Now TCPdump on the Access Server while pinging from my VPN client to the target system shows this echo request:
15:56:07.605601 In ethertype IPv4 (0x0800), length 76: 172.27.232.4 > 192.168.47.252: ICMP echo request, id 1, seq 38, length 40 15:56:07.605620 Out 00:0c:29:c7:60:e9 ethertype IPv4 (0x0800), length 76: 172.27.232.4 > 192.168.47.252: ICMP echo request, id 1, seq 38, length 40
And on the target system I see this come in:
15:56:11.397533 In 00:0c:29:c7:60:e9 ethertype IPv4 (0x0800), length 76: 172.27.232.4 > 192.168.47.252: ICMP echo request, id 1, seq 38, length 40
The target system now responds back with an echo reply:
15:56:11.397563 Out 00:0c:29:c9:6b:24 ethertype IPv4 (0x0800), length 76: 192.168.47.252 > 172.27.232.4: ICMP echo reply, id 1, seq 38, length 40
And back on the TCPdump on the Access Server I see the reply coming back and being relayed to the VPN client:
15:56:07.605958 In 34:31:c4:8e:b5:67 ethertype IPv4 (0x0800), length 76: 192.168.47.252 > 172.27.232.4: ICMP echo reply, id 1, seq 38, length 40 15:56:07.605966 Out ethertype IPv4 (0x0800), length 76: 192.168.47.252 > 172.27.232.4: ICMP echo reply, id 1, seq 38, length 40
These results show that echo requests are making it all the way from the OpenVPN client, through the OpenVPN Access Server, onto the network and to the target system, and an echo reply is making it all the way back from the target system, back through the OpenVPN Access Server, and back to the OpenVPN client. This means the connectivity in two directions is absolutely working perfectly now.
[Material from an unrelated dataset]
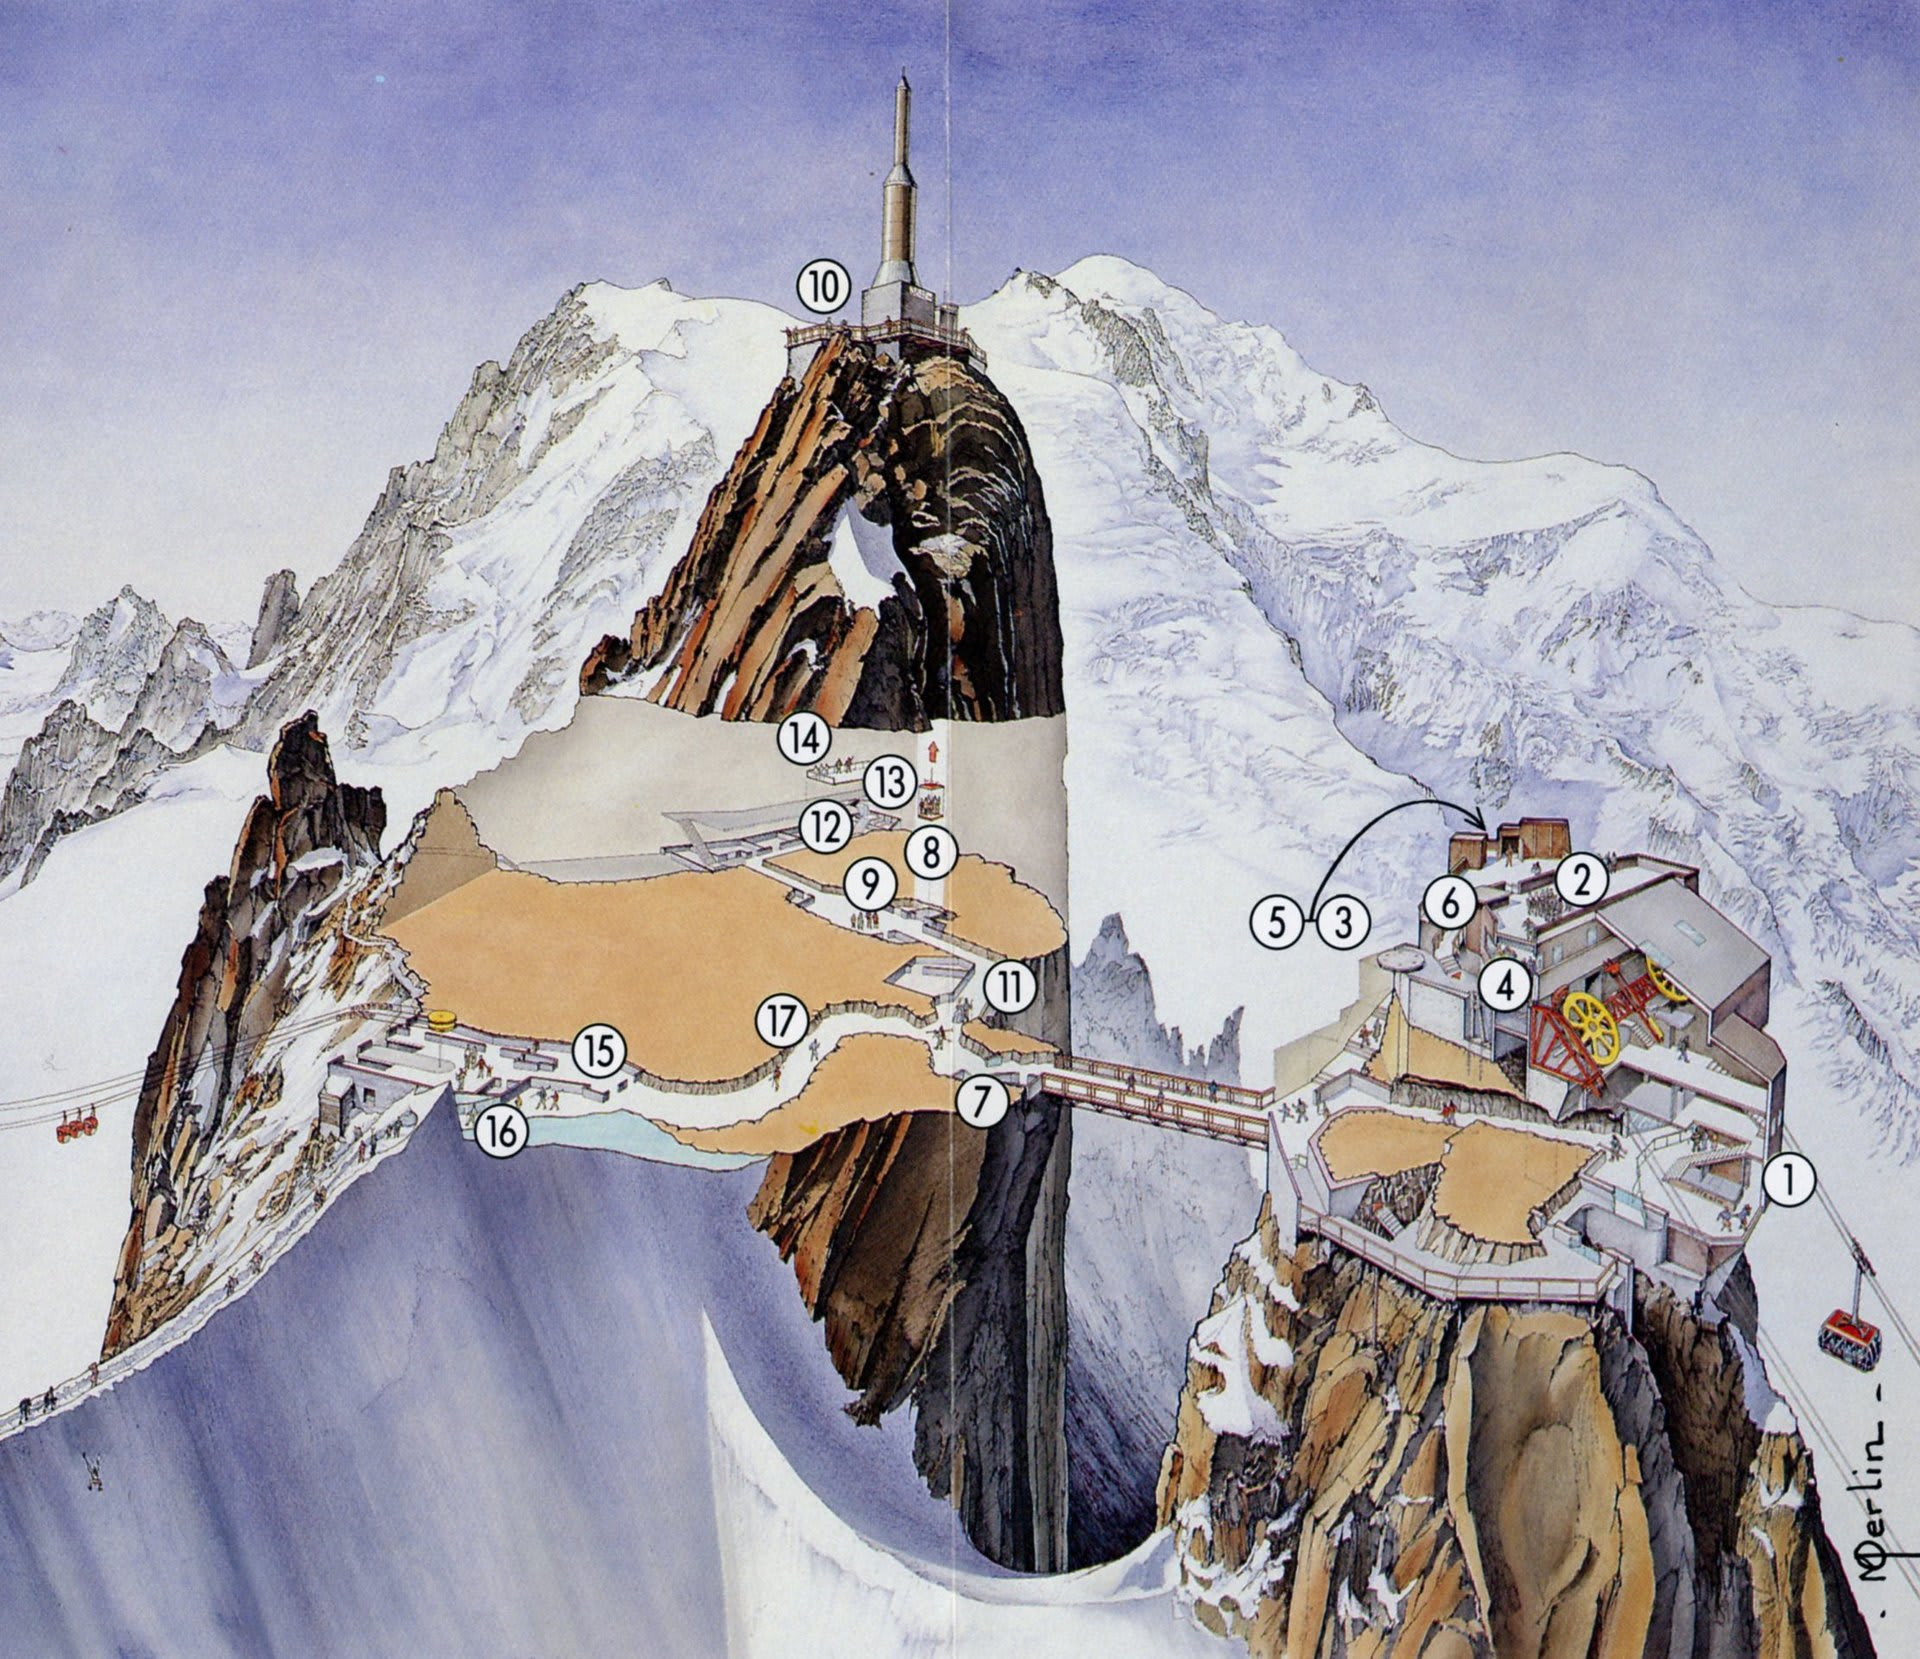 「エギーユ・デュ・ミディ展望台の構造」の画像検索結果

The above example shows a routed setup where packets make it all the way from an OpenVPN client to a target system, and the expected results in TCPdump. If you get results that are different, let us know what your situation looks like, and what results you have been getting, and we'll try to figure out where the most likely point of breakage is. You can use the information above to also logically try to determine this yourself, of course.